Despite $1.6M deficit, SFPS board pushes bonuses
Members want to explore tapping $3M pool for stipends, student programs
Santa Fe Public Schools is once again facing some tough financial choices, trying to determine the best way to bridge a $1.6 million gap in its roughly $102 million operating budget for 2018-19.
Still, district employees could be in line for stipends or bonus pay if the board approves a plan to use $500,000 from a $3 million pool of funding mostly generated through the sale of the former Alvord and Kaune elementary schools’ buildings.
The district also is bound by state law to give raises to teachers and other employees at a cost of $2.7 million. Though the district received a slight increase in its state funding this year, that bump was offset by the mandated pay hikes.
Complicating matters, the shortfall may impede school board members’ plans to launch a number of new initiatives in an effort to better serve the nearly 13,000 students in the public schools as the district prepares to update its five-year educational improvement plan.
The four board members who met Tuesday for a special budgetfocused study session said they want to limit cuts — and ease the pain — by using the $3 million in nonrecurring funds.
Some of that money could be used for one-time bonuses, board members said. The district employs about 1,500 teachers and staff.
State law prohibits districts from using nonrecurring funds for employee compensation, Superintendent Veronica García told the board, but she said she believes the district could work with the local teachers unions to find a legal way to offer the bonuses.
Some board members asked how the district would dole out those funds. Would every employee get the same amount or would the payouts be based on an employee’s impact on students?

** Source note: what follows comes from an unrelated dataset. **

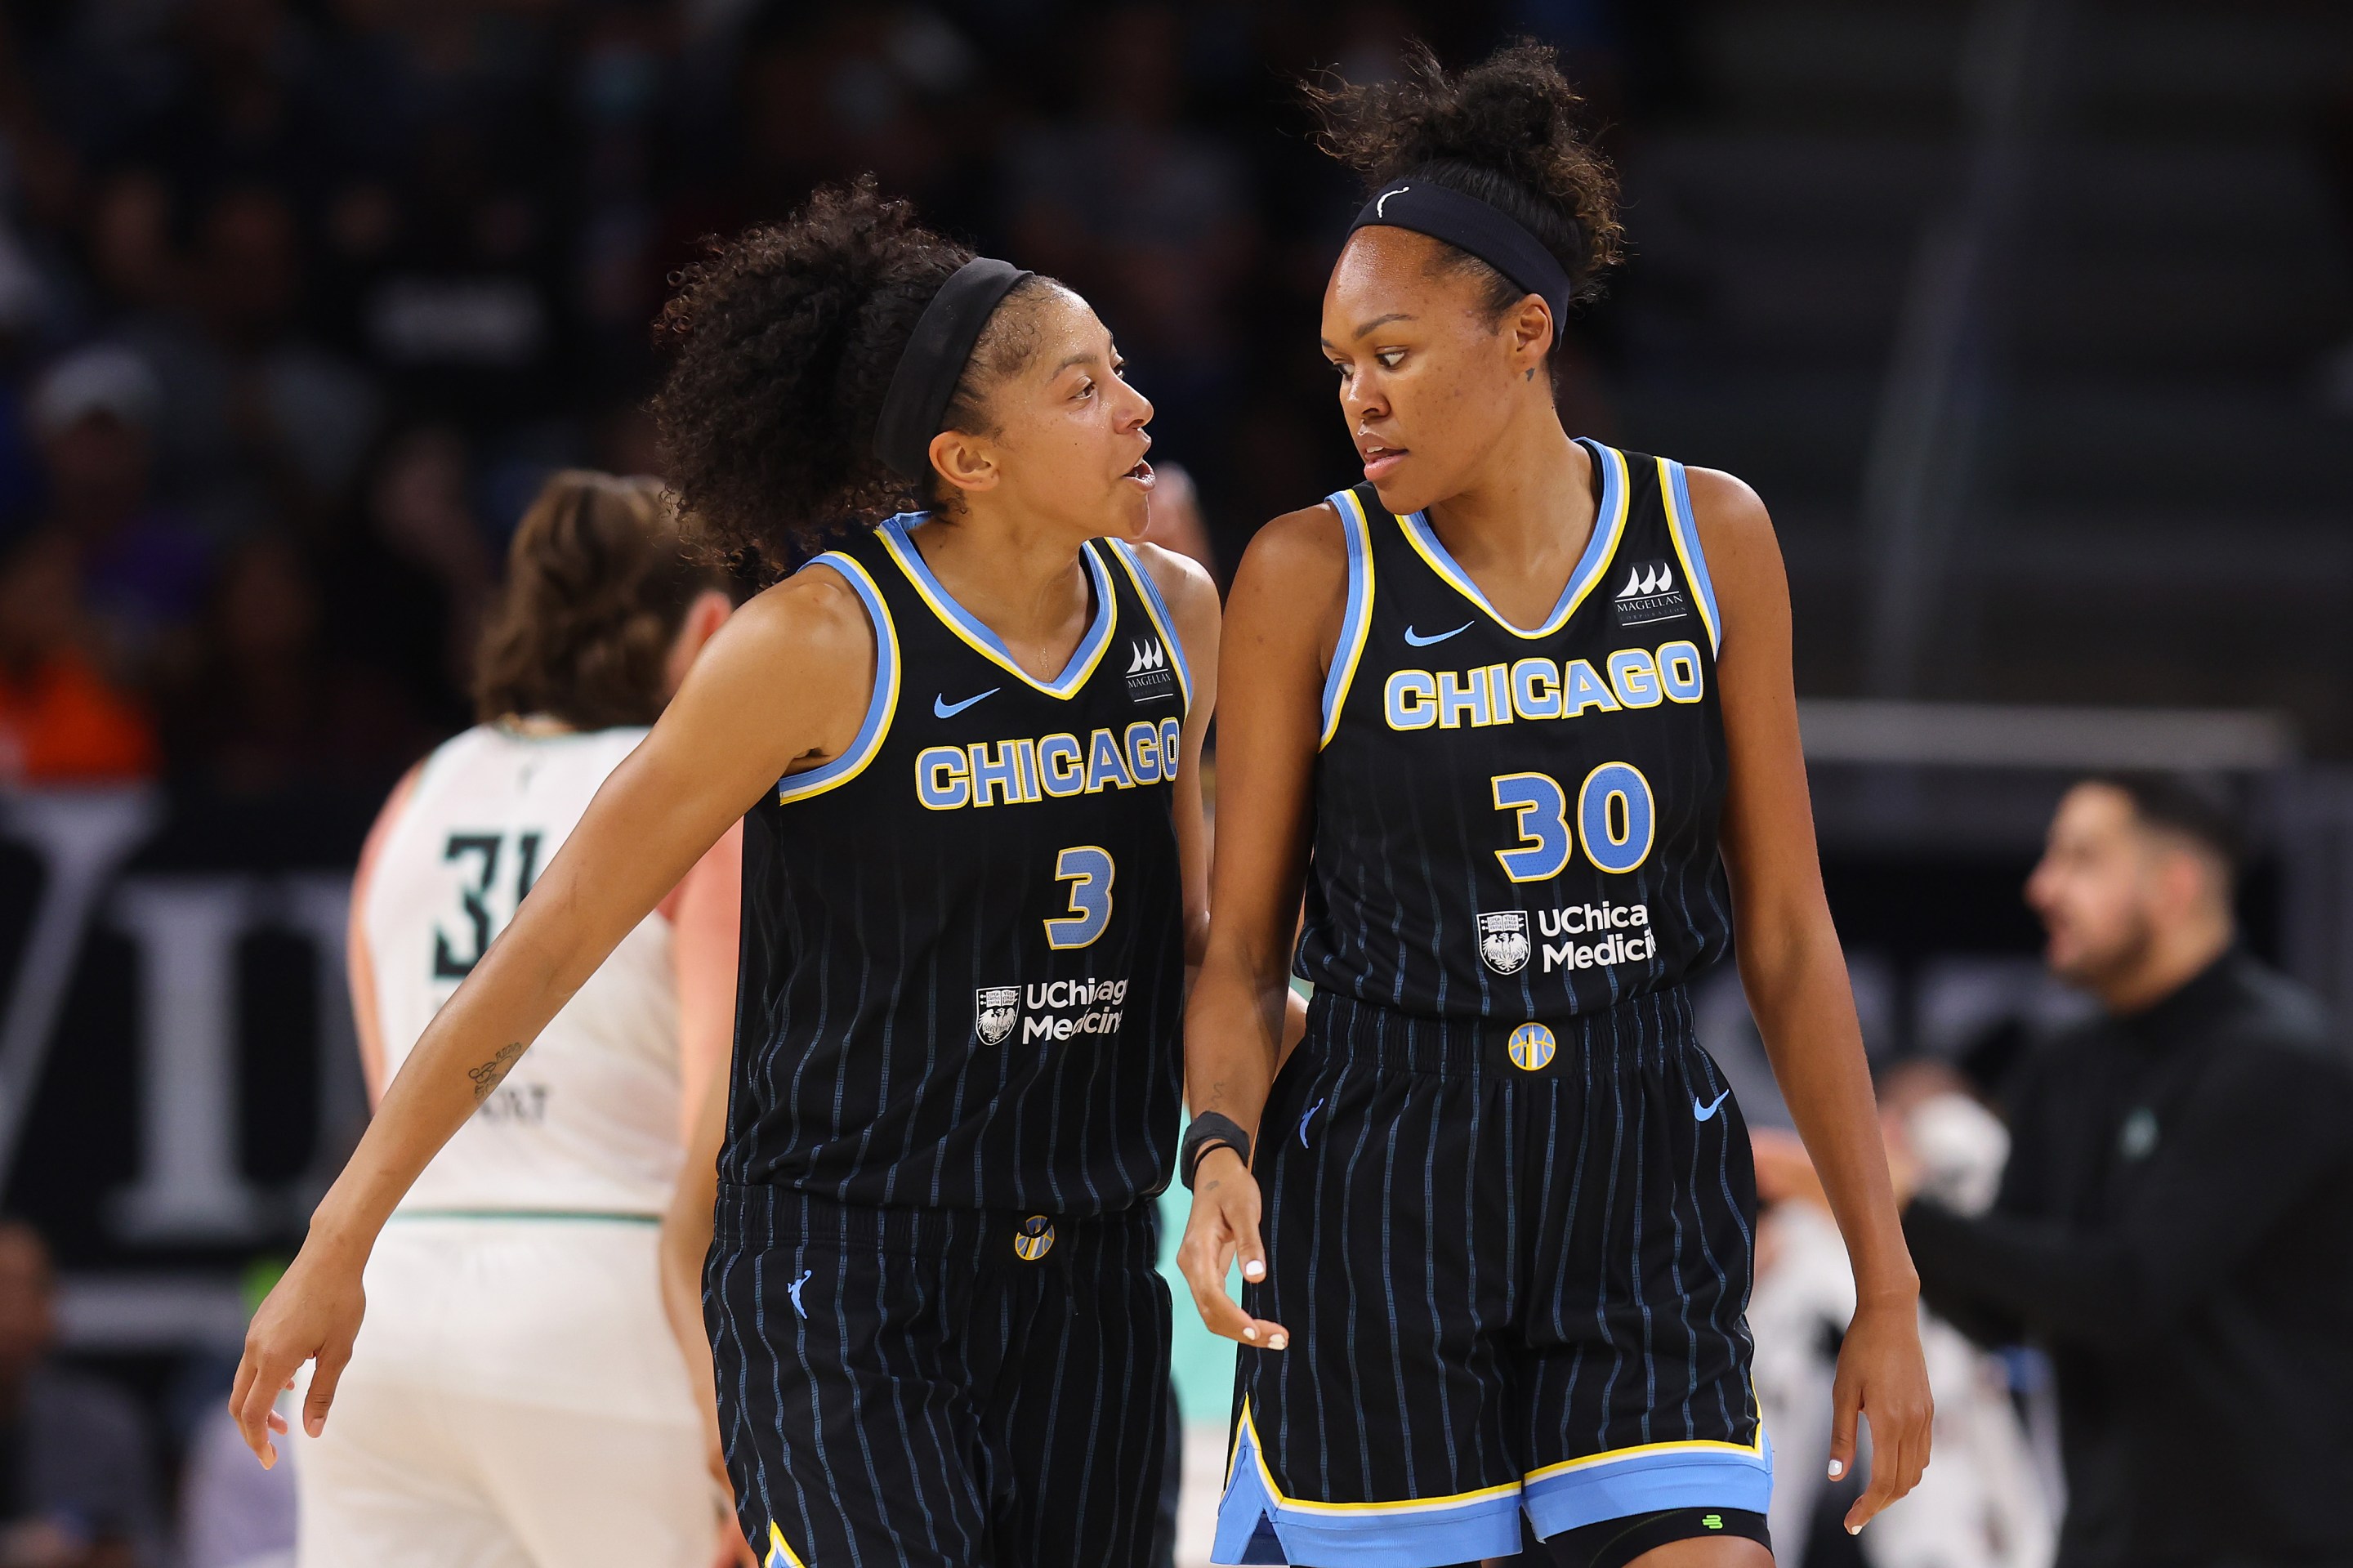 CHICAGO, ILLINOIS - AUGUST 17: Candace Parker #3 and Azura Stevens #30 of the Chicago Sky talk against the New York Liberty in Game One of the First Round of the 2022 WNBA Playoffs at Wintrust Arena on August 17, 2022 in Chicago, Illinois.

Grace Mayer, president of the National Education AssociationSanta Fe, at one point warned the board that it was publicly engaging in labor negotiations.
Board President Steven Carrillo shot back that if Mayer was unhappy, she could “run for the [school] board.”
None of the board members voted to approve a district recommendation to cut about $375,000 from professional development programs. Instead, they agreed the district can use some of the $3 million in nonrecurring funds
to cover those costs.
And when García suggested cutting back on some administrative positions to save $285,000, Carrillo said he had concerns that such cuts “are going to cause unwarranted strain on those remaining.
“We still have to function,” he said, “and I don’t want anybody working 60 hours a week.”
The board members appeared committed to finding funds to add social worker positions, pursue math and science initiatives and put support systems in place to ensure that first-graders are reading to grade level.
Budget cuts are nothing new for Santa Fe Public Schools, which for years has faced similar challenges in balancing revenues and expenses. In bleak economic years, the board has gone so far as to close, or threaten to close, schools to save money — always an unpopular move. This year, such extreme measures seem unnecessary.
Still, García told the board that when you have to cut $1.6 million, “You can’t nickeland-dime it.”
Board member Lorraine Price, who has been sick and has missed several recent meetings, was not present.
The board will continue to work on the details of the budget over a series of Tuesday night meetings through May.